[Aim of the task] The data below should be copied out exactly, with its pictures omitted.

[Data shown]
.....

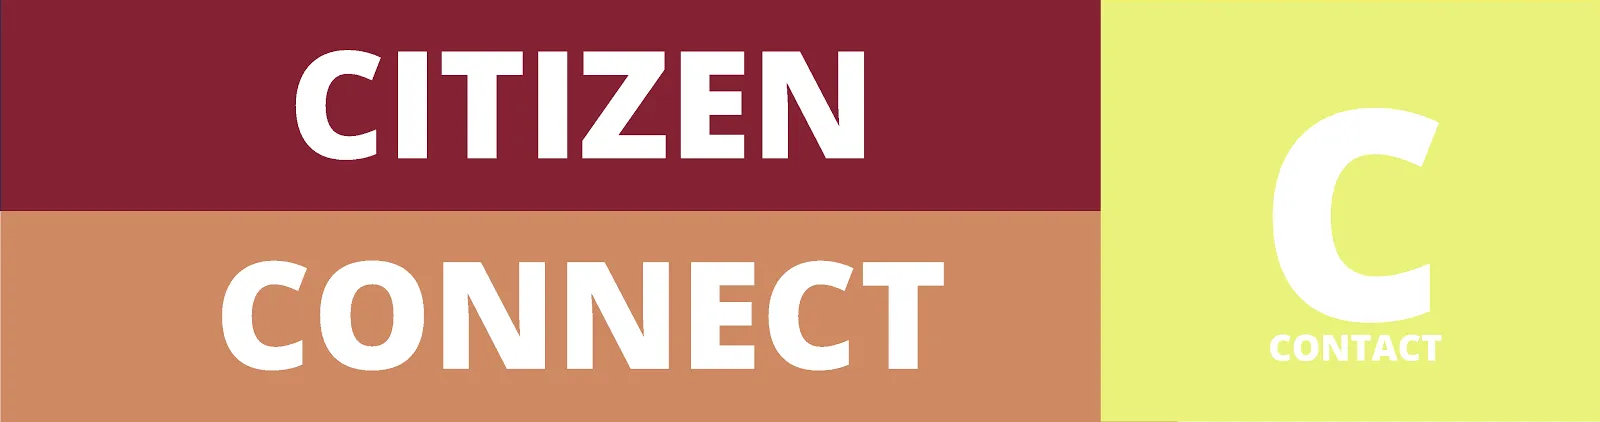 Citizen Connect Contact
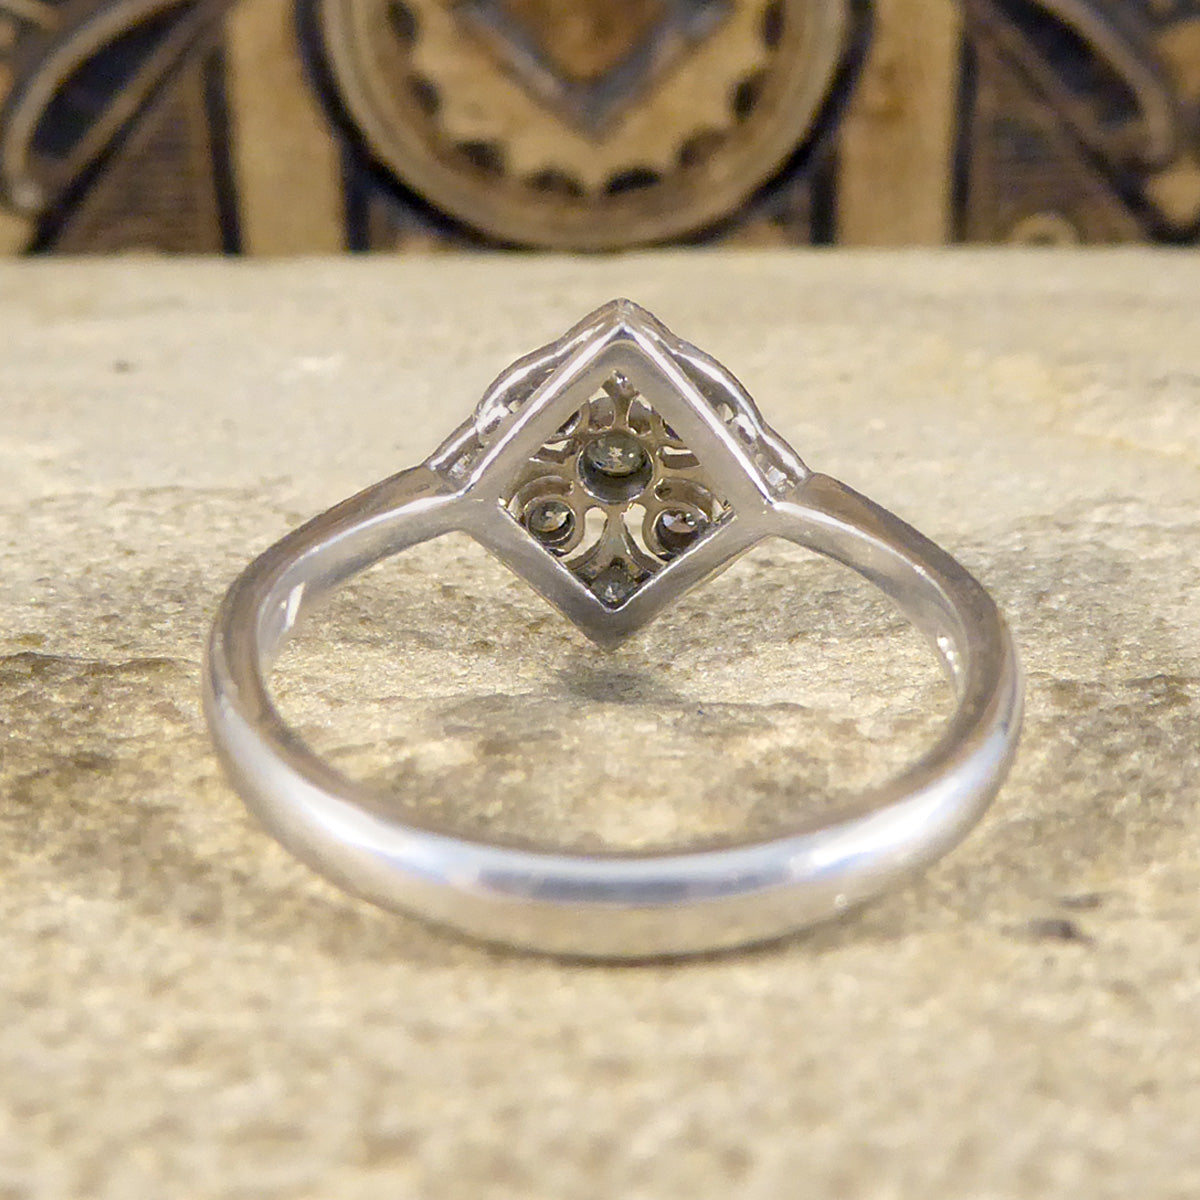 1920's Period Replica Geometric Pattern Diamond Ring in 18ct White Gold
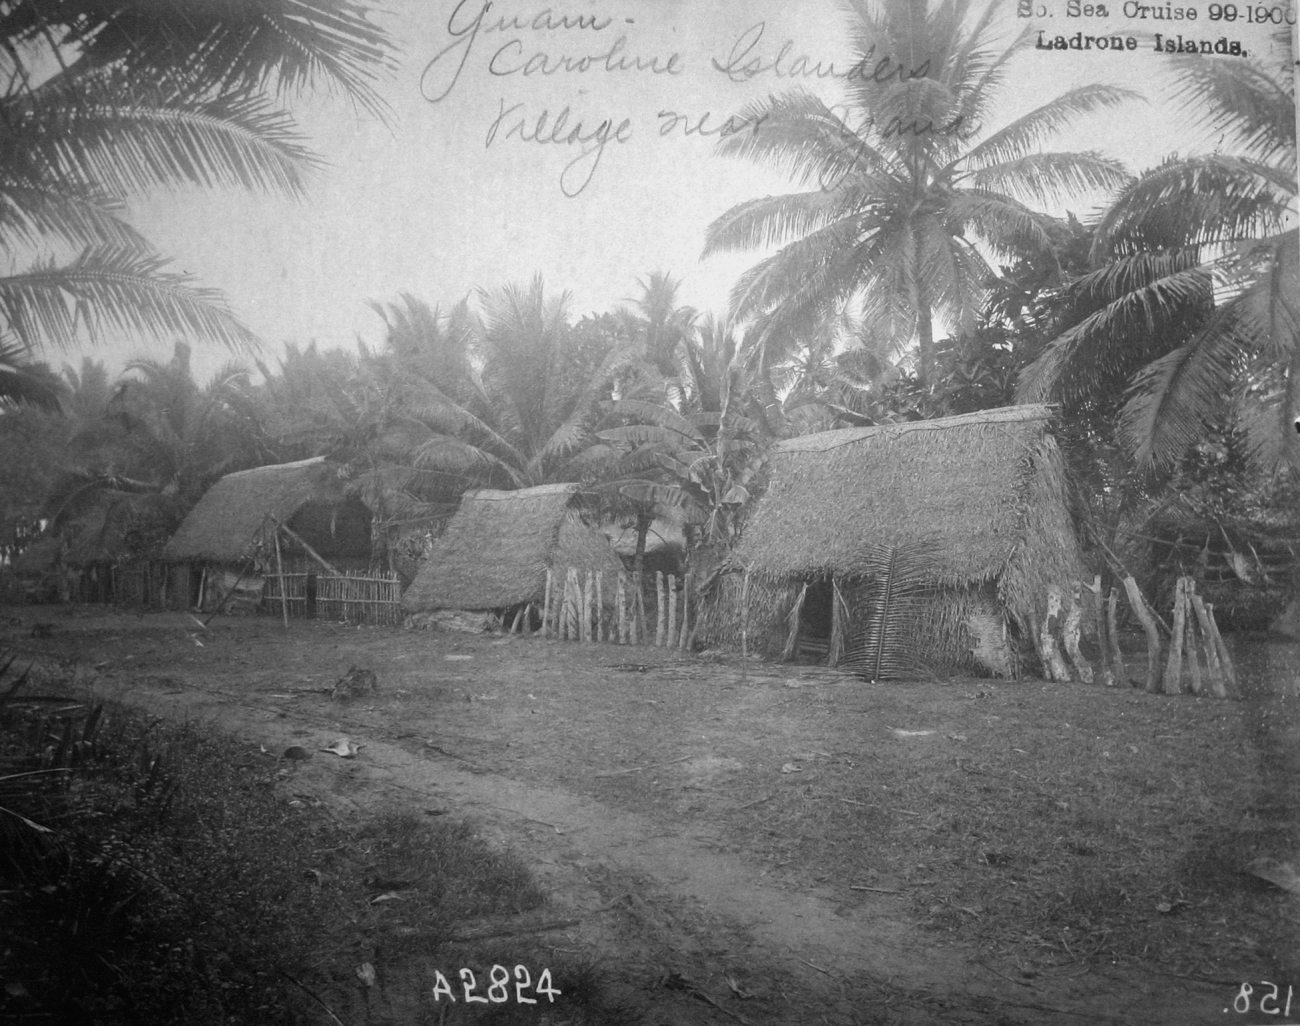 South Sea cruise 99-1900, Ladrone Islands, Guam, Carolineislanders village near Agana
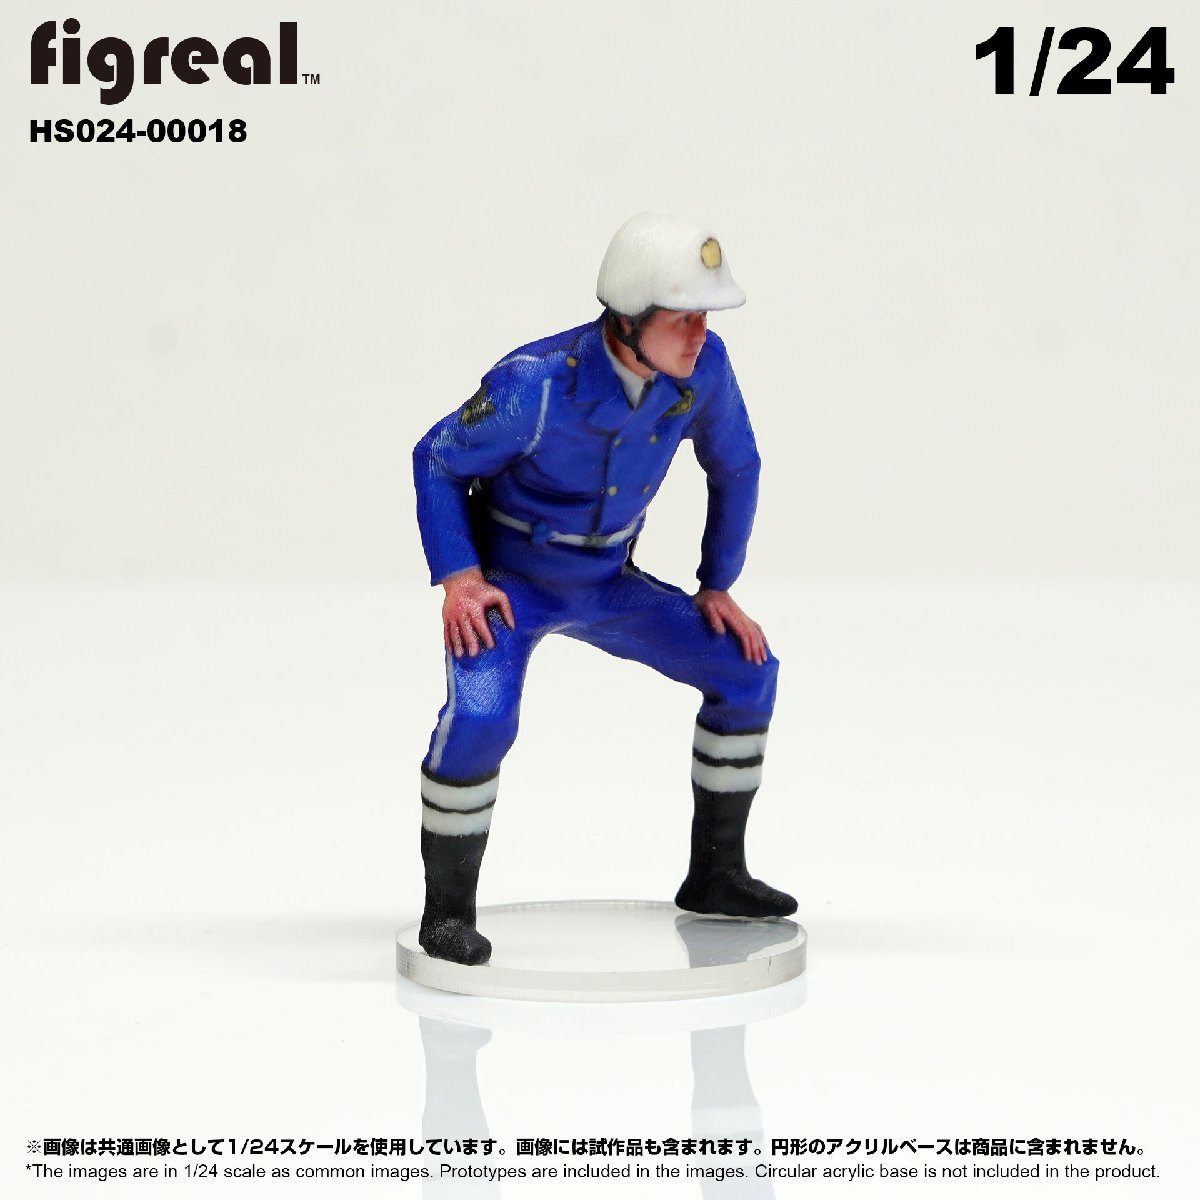 HS024-00018 figreal 日本交通機動隊 1/24 高精細フィギュア_画像2

.....

[Answer to the exercise]
 Citizen Connect Contact
 1920's Period Replica Geometric Pattern Diamond Ring in 18ct White Gold
 South Sea cruise 99-1900, Ladrone Islands, Guam, Carolineislanders village near Agana
 HS024-00018 figreal 日本交通機動隊 1/24 高精細フィギュア_画像2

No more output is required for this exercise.